» Data section:
>>>>>

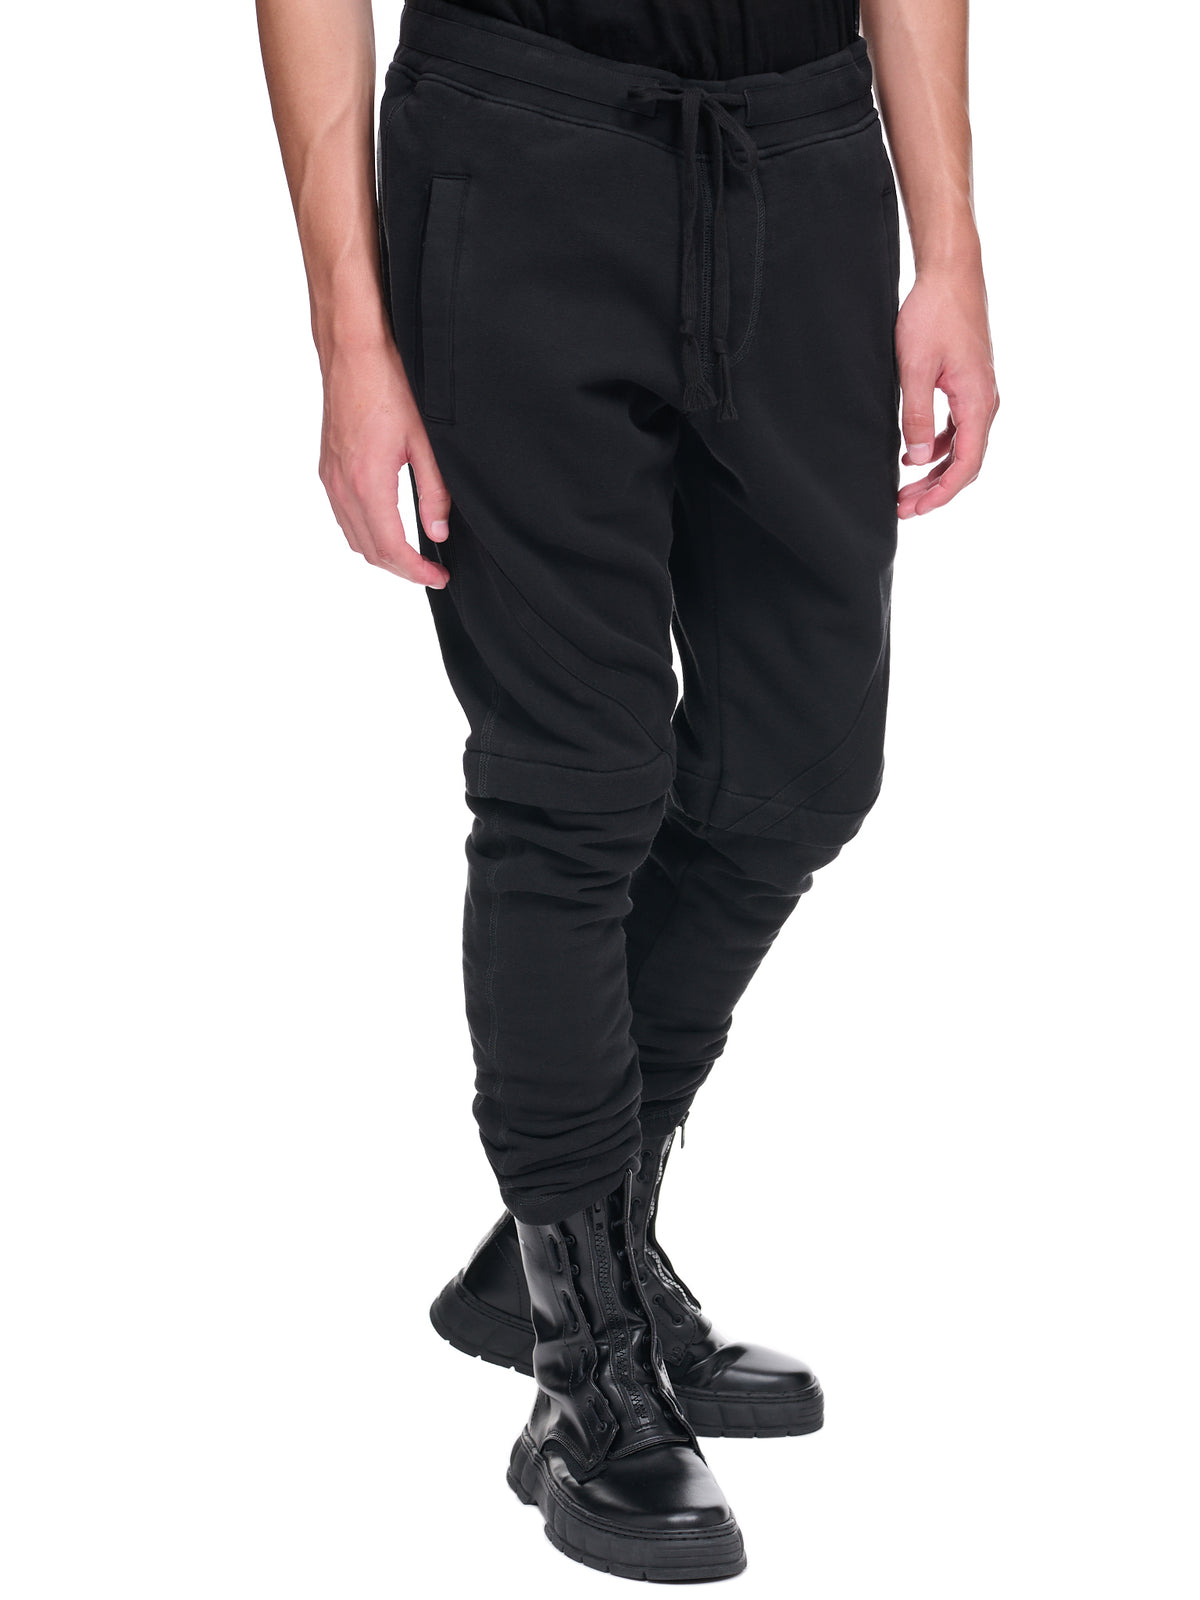 Convertible Sweatpants (EM213-BLACK)
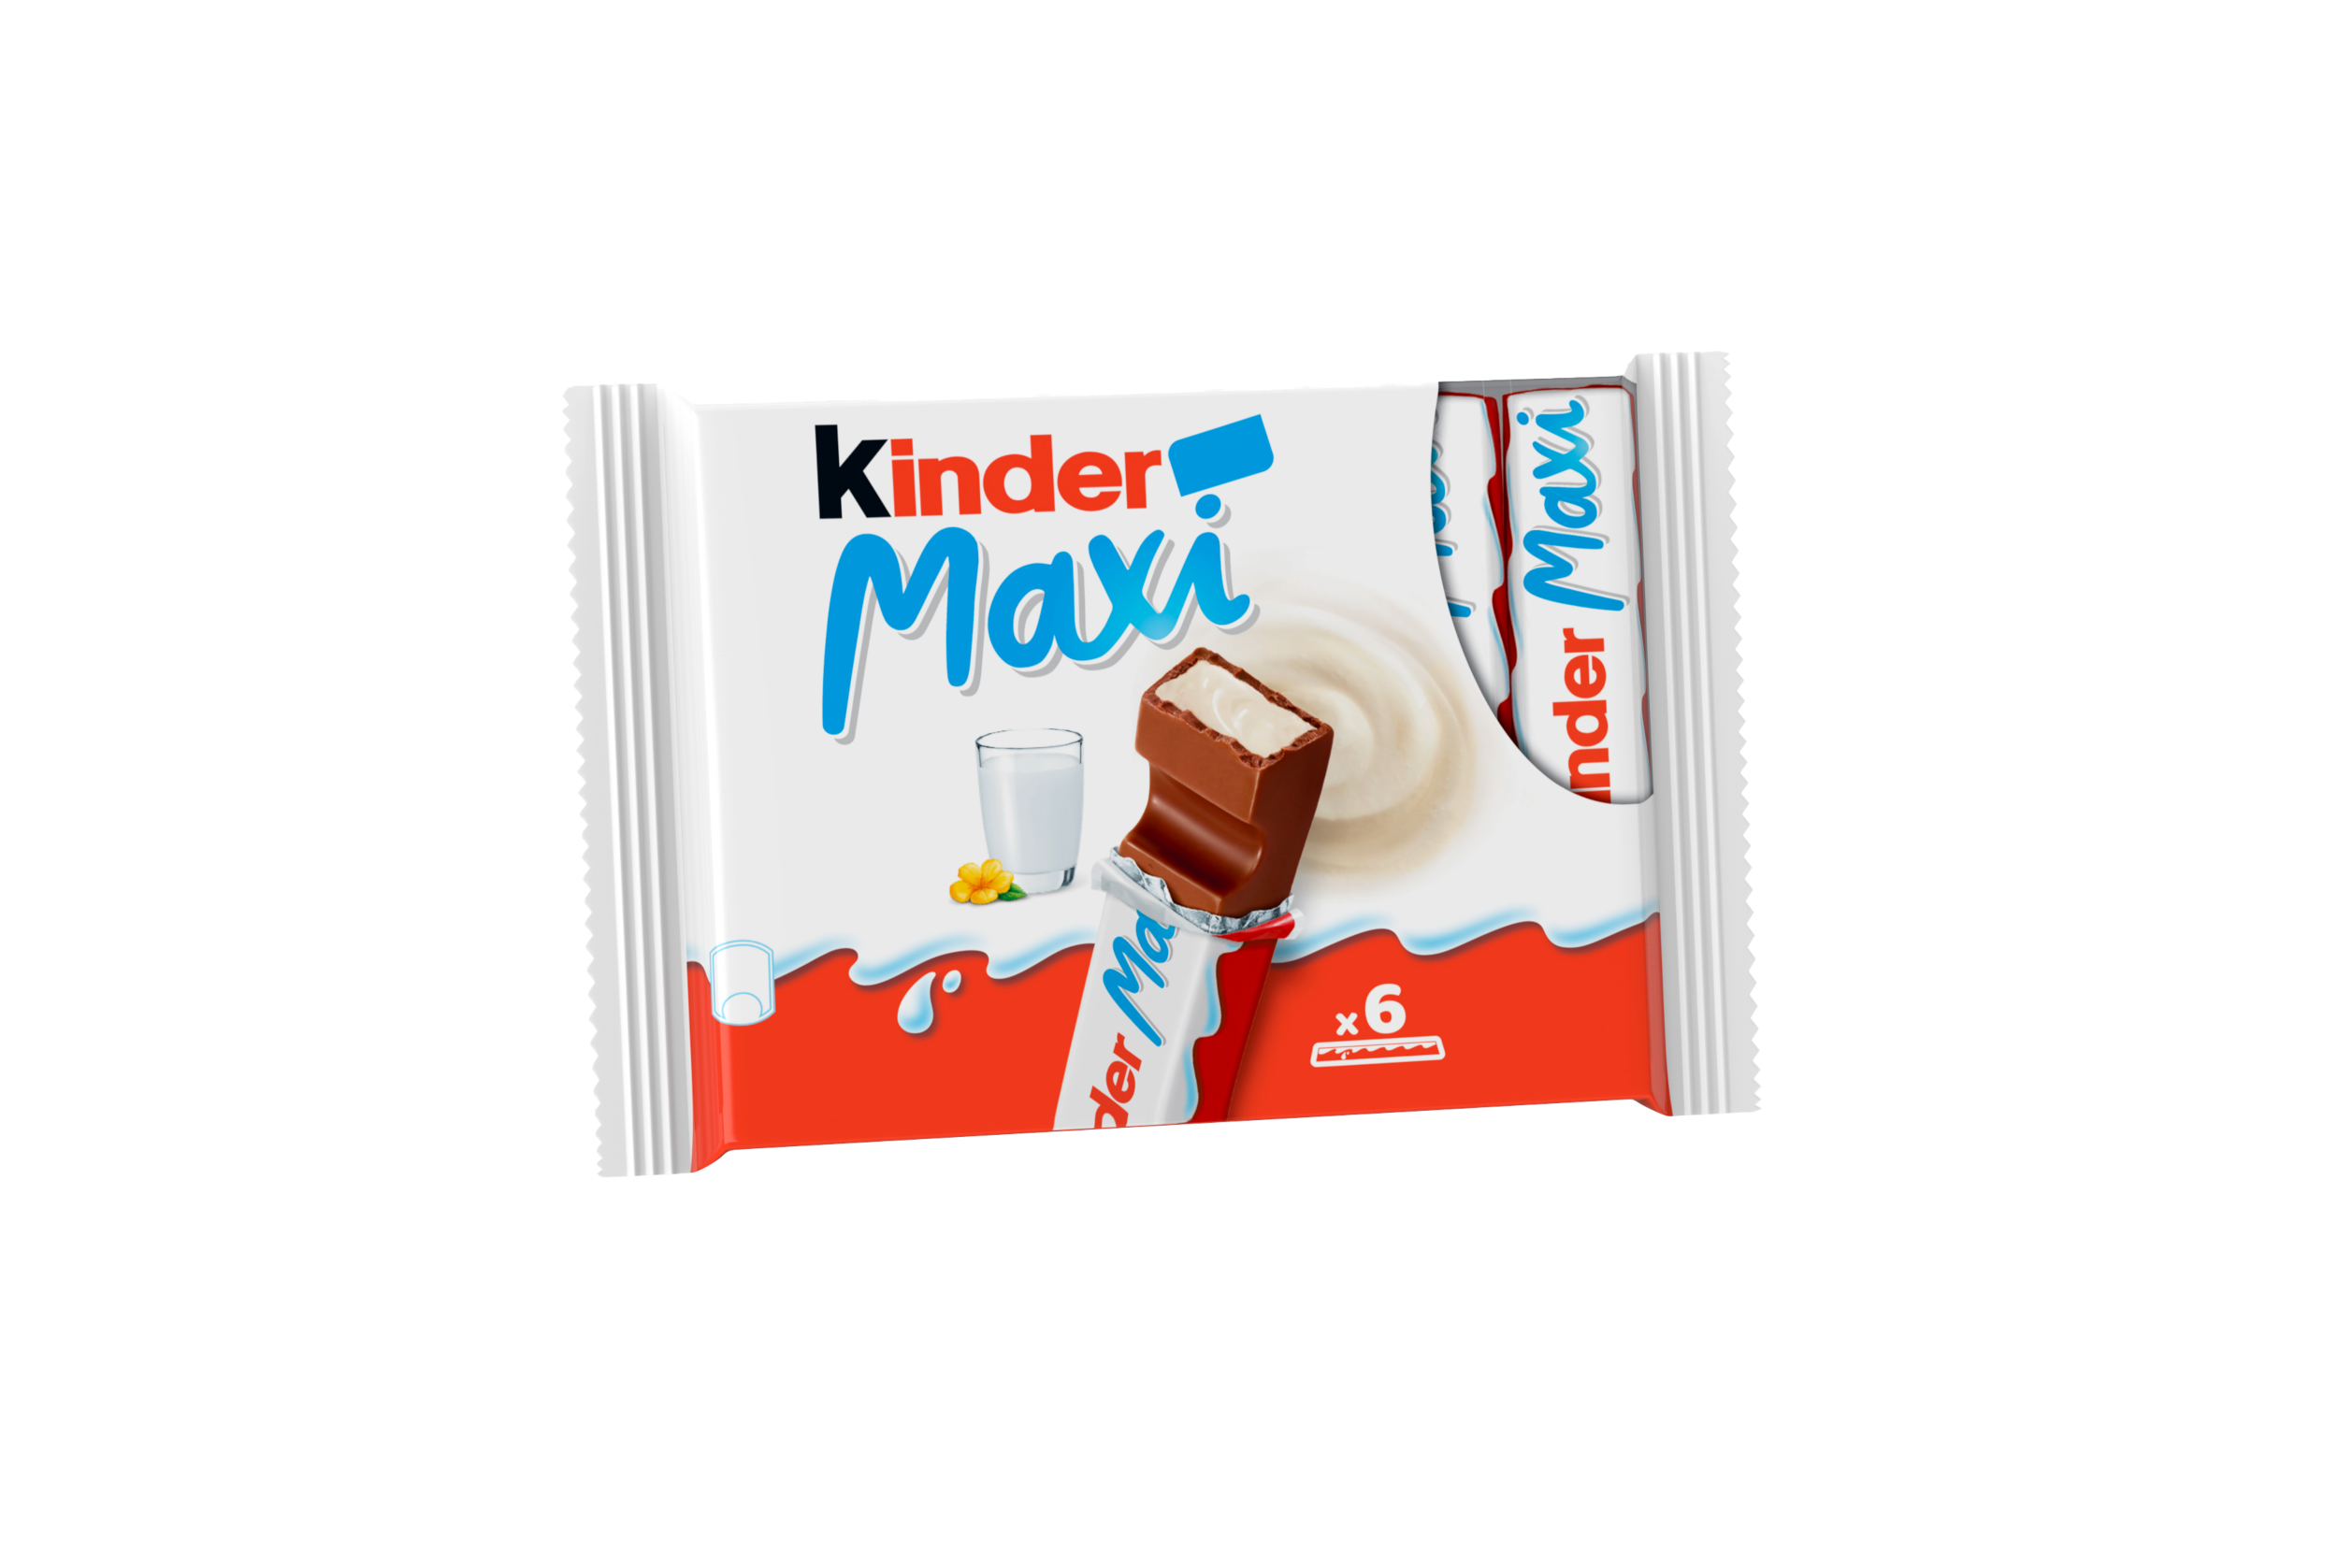 milk chocolate bar kinder maxi t6
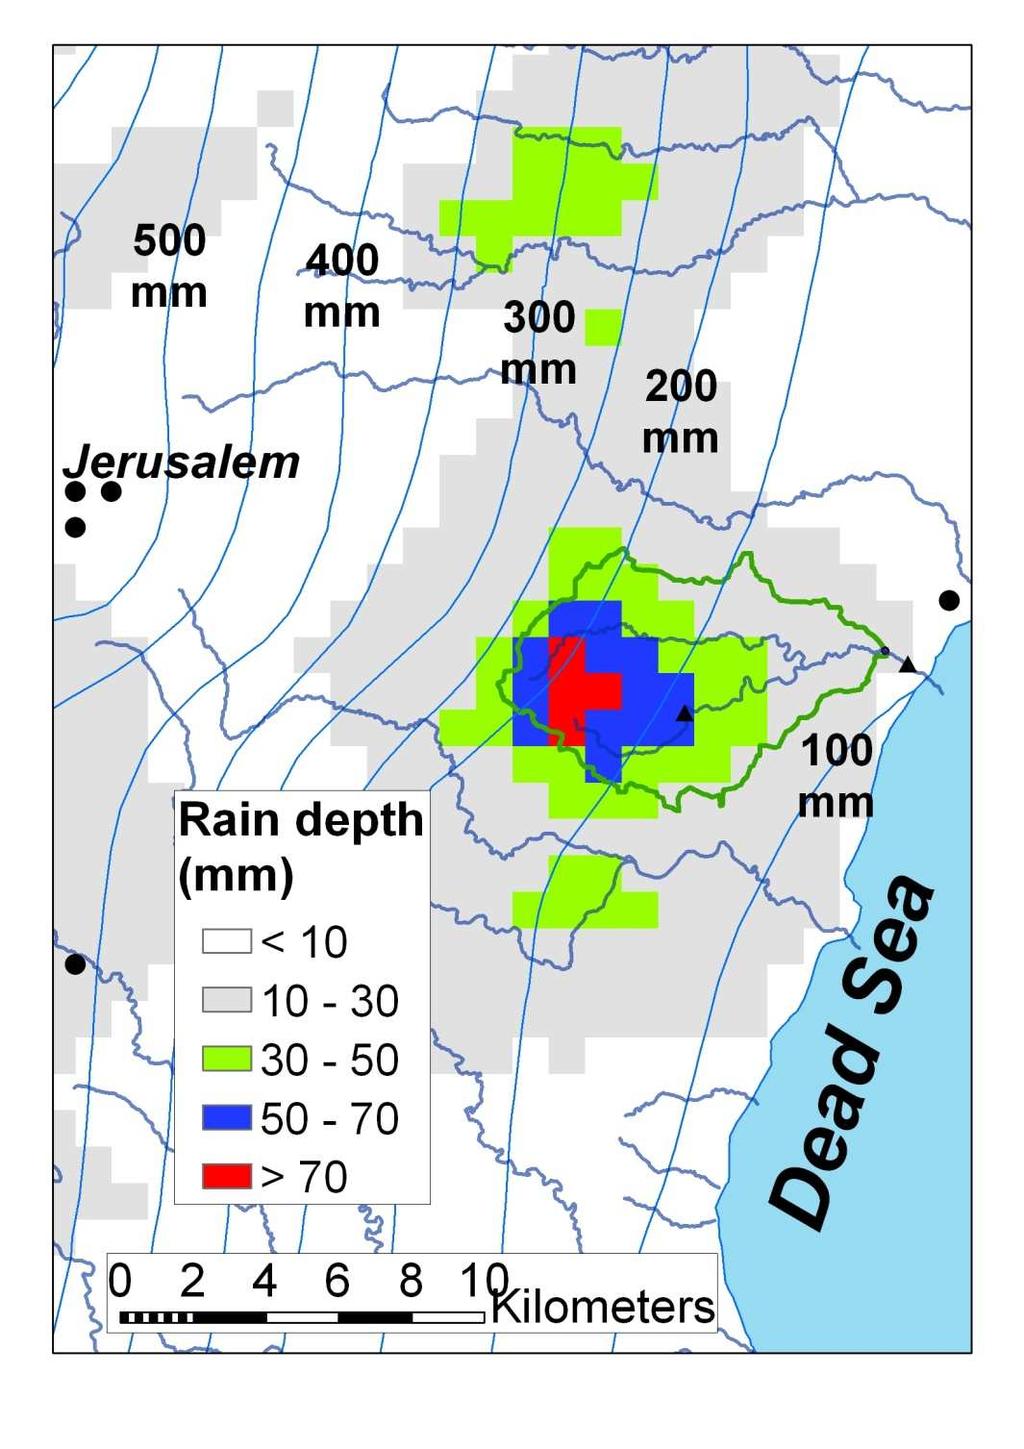 Flash flood analysis over the Dead Sea region using radar data Basin area: 2.

<<<<<

» Your task: Output the material word for word, omitting its pictures.

» Exercise result:
 Convertible Sweatpants (EM213-BLACK)
 milk chocolate bar kinder maxi t6
 Flash flood analysis over the Dead Sea region using radar data Basin area: 2.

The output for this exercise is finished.